Hello,
I see that there are many dreamers who are agitated
Well, if we took a few outlandish hypotheses:
A 50 CV car is not bad!
This requires a power of around 36.800 Watts / s
Let’s say that we know how to make supercapacitors which “hold” 200 V service that requires an intensity of 184 A to have the power.
Let's see the capacitor necessary to store energy for one hour of operation:
Q = I xt = 0.5 x C x V² => C = 2 x I x T / V² => 2 x 184 x 3600 / 40000
Which gives about 34 Farads. As we do not know how to "empty" a capacitor entirely, it will take double to be able to use the energy correctly. We will take 50 Farads by trusting the electronics engineers .....
In summary: to have 50 CV you need 50 Farads at 200 V per hour of operation
At present the ultras hold 5 Volts!
It will therefore require 40 in series for 200 Volts and therefore 40 times that in // to have the capa. Or 1600 capas of 50 Farads.
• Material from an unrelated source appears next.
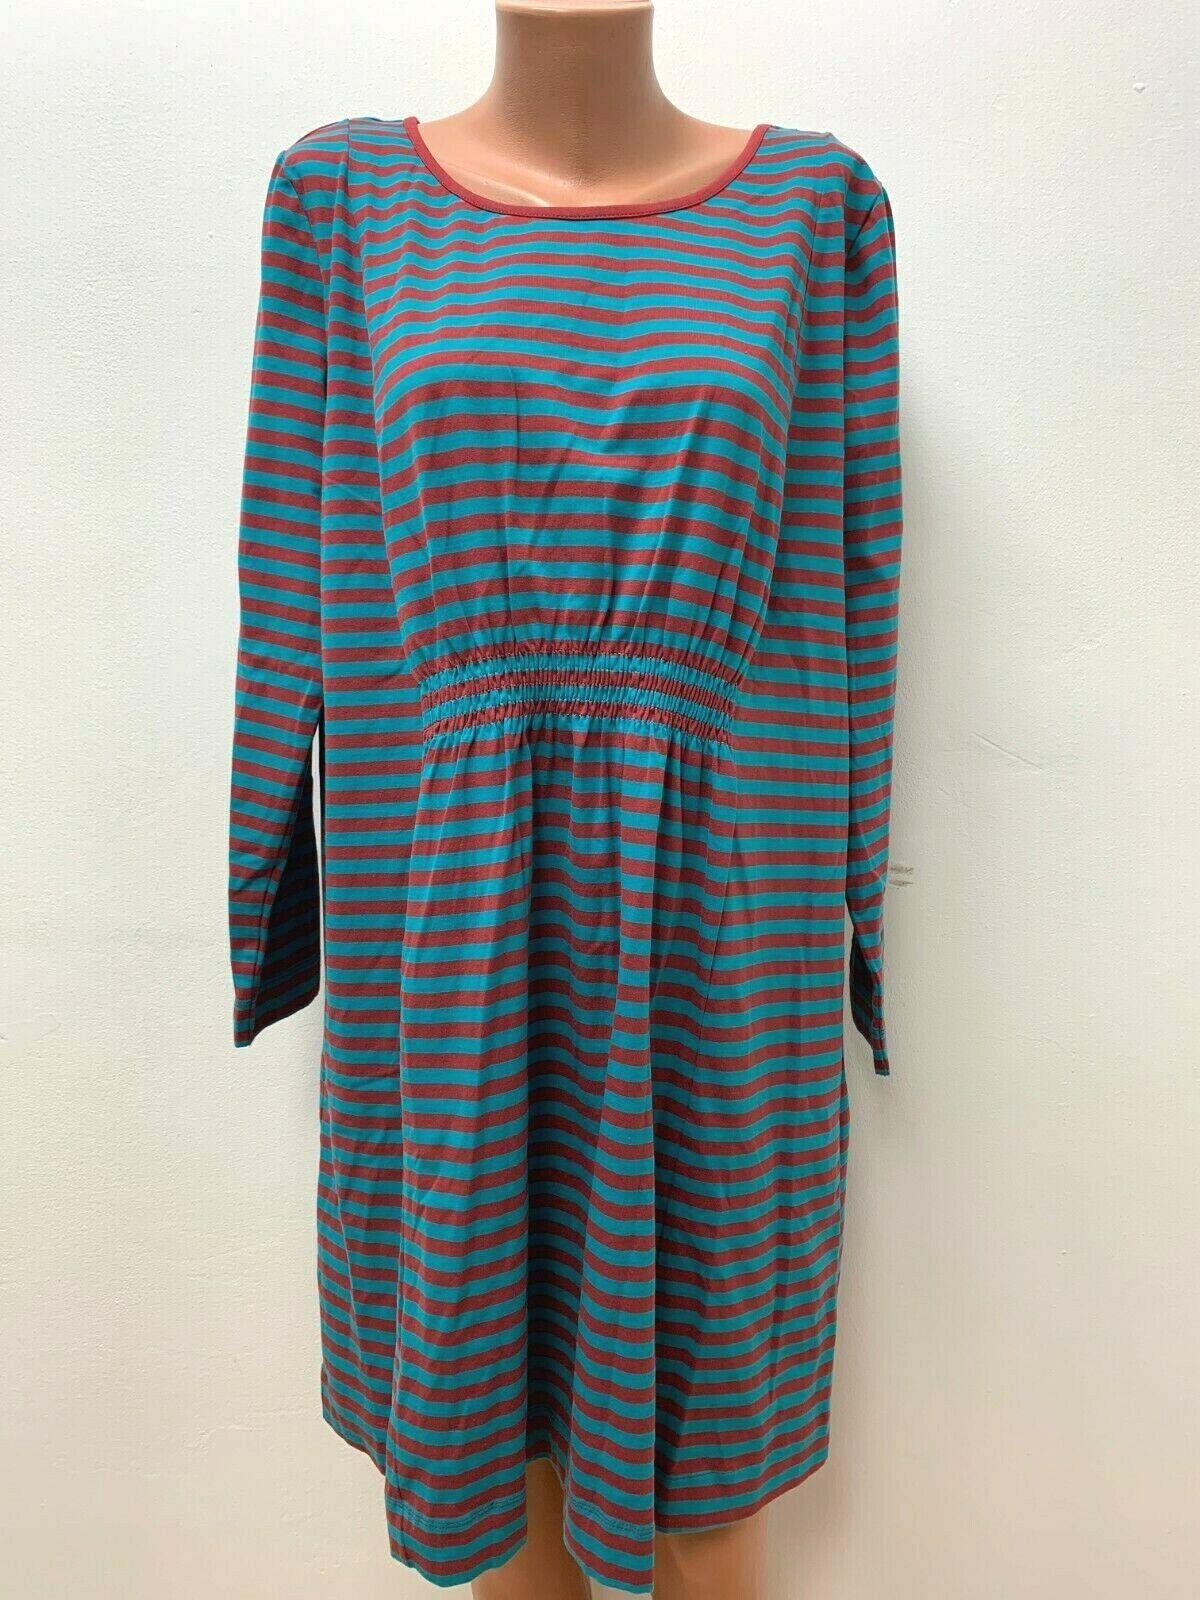 DEERBERG Gr.XL Stretch Kleid Jersey Blau Rot Gestreift langarm

It makes a nice suitcase
Conclusion: it takes a big techno advance to think of achieving this!
Obelix
No more live batteries Ultra-capacitors!
Hello everybody,
Supercaps are a bit of the holy grail of hybrid or electric cars ...
I now see that they are called ultra-capacitors.
Too bad it is not more developed ...
I believe that Honda had raised the subject for the FCX and also the Insight.
Since then, no news to my knowledge
Supercaps are a bit of the holy grail of hybrid or electric cars ...
I now see that they are called ultra-capacitors.
Too bad it is not more developed ...
I believe that Honda had raised the subject for the FCX and also the Insight.
Since then, no news to my knowledge
0 x
Current projects rely on the storage of electrons in nanostructures (carbon, I believe).
Energy density looks very promising.
"Electric" storage in a capacitor will necessarily be more efficient than "electrochemical" storage in a battery, whatever its technology.
The main issue remains THE PRICE.
Currently, manufacturers are hybridizing the electrical management of cars.
Examples: Bolorré is considered a trimode hydride.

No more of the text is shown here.